Here’s a list of some of the pre-hispanic drinks that are still wildly popular today: 

Chicha (Latin America)

Probably the most popular of the pre-hispanic drinks, this corn fermented drink is found all throughout Latin America, and varies from region to region. You may have seen old ladies chewing up corn kernels and spitting them into big ollas, they’re making chicha. It is particularly popular in Argentina because it's enjoyed during the celebration of Pachamama.

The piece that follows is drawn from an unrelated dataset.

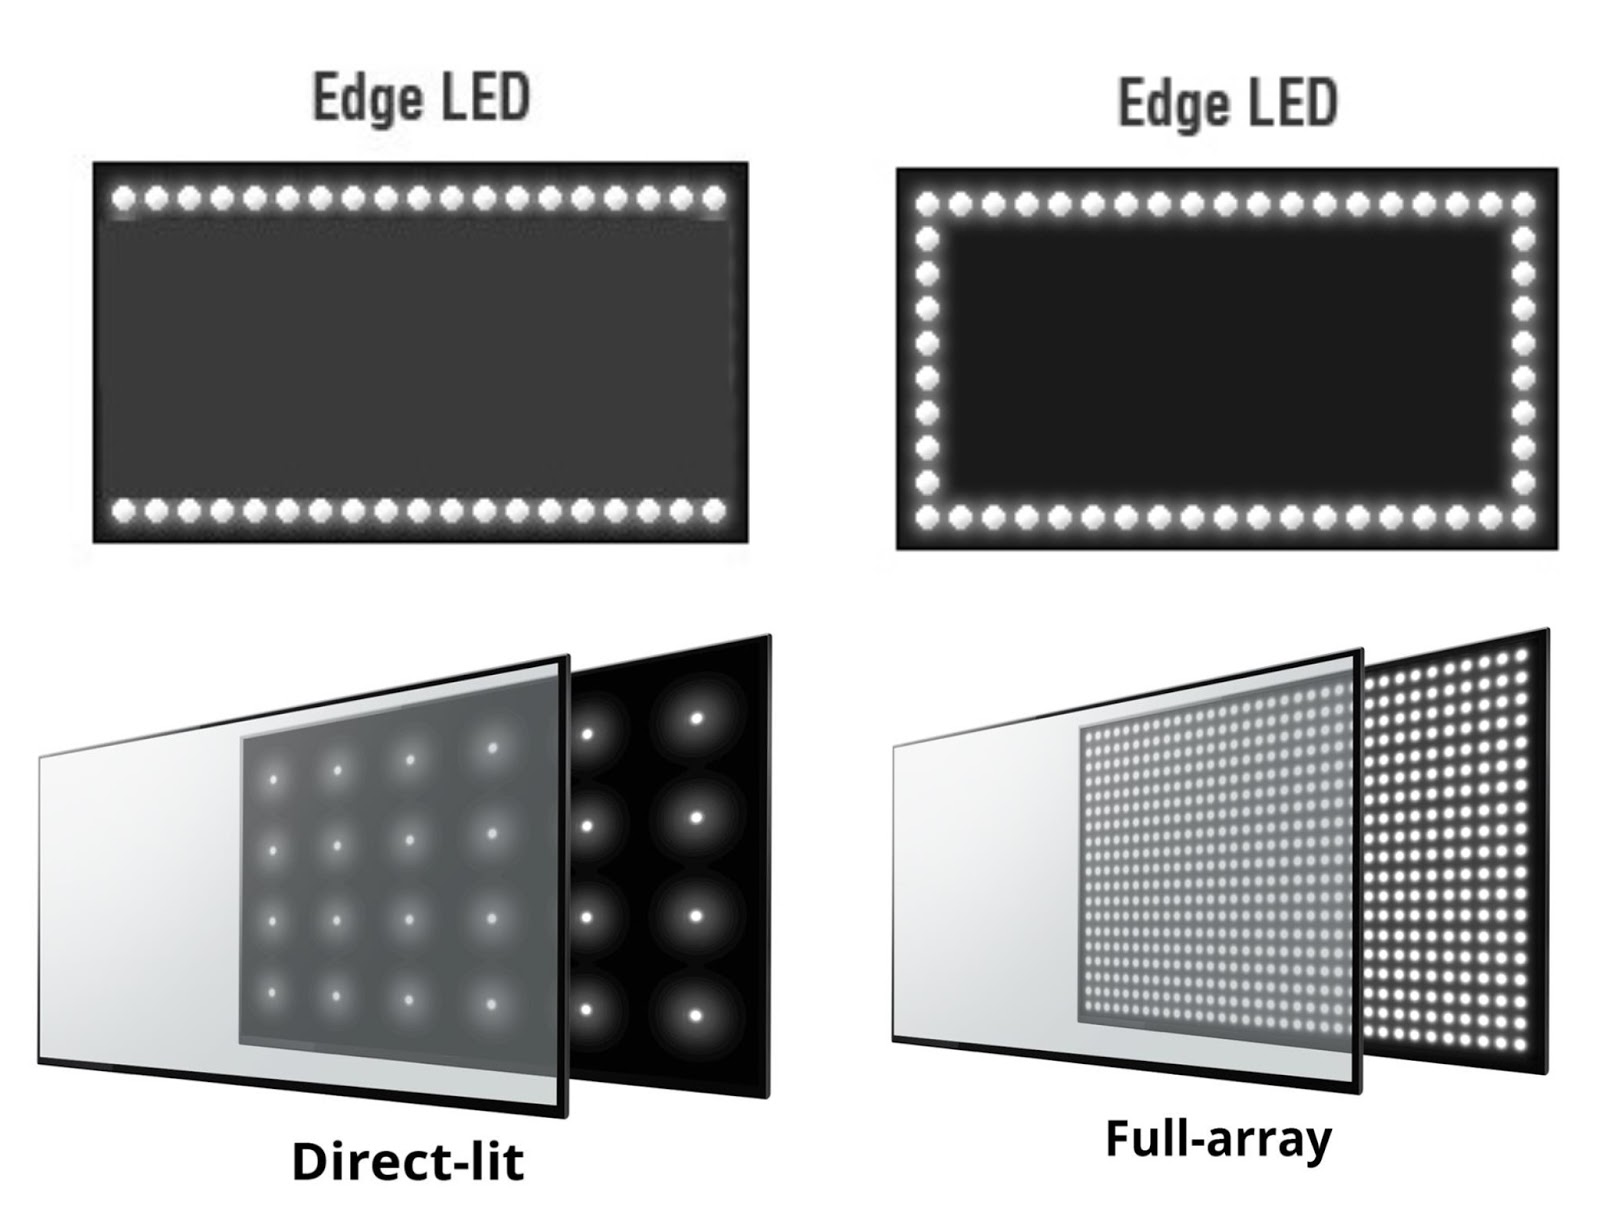 Kanon biologi bag Edge-Lit LCDs VS Direct-lit LCDs | ELED TV VS DLED TV : Which is better? |  LCD Vs LED?

Masato (Colombia, Perú y Venezuela)

Considered the sacred drink of the Amazon jungle, depending on the country and/or region, this drink can be made using either yucca, rice, corn or pineapple, and uses that special ingredient that aids in fermentation, you guessed it, spit. In Colombia, the drink is closer to an horchata. 

Pulque (Mexico)

Before there was Tequila, the Aztecs were using the “milk” or aguamiel of the agave and maguey plants to make this drink used to worship the god Mayahuel, its deity. There were rigorous laws about who was allowed to drink Pulque, when and where. Besides being intoxicating, it has a high content of vitamins and proteins.

Pozol (Mexico)

The Mayans concocted this drink made from corn and cacao to combat the heat, and it was known to imbue strength and virility.  Mayans called it “pochotl”. Traditionally, it is consumed from jícaras, or bowls made out of coconut shells. 

Aloja de Algarroba (Latin America)

This simple drink is made from the carob tree’s bean-like fruit, water, and sugar and has been around for millenia, but it got its name, aloja, from the Spanish. In Chile, the aloja is made from the cullen plant and it's traditionally during Navidad.  

Guarapo (Cuba and Colombia)

Usually known as the drink of the laborers, guarpo is made from sugarcane juice extraction. It is one of the main precursors of rum.

Yerba mate (Latin America)

Unlike the rest of the drinks on this list, this "tea" or infusion was not banned by the colonizers, and continued to be traditionally consumed throghout Latin America, in particular Paraguay, Argentina and Uruguay--who still despute its origin and legitimacy.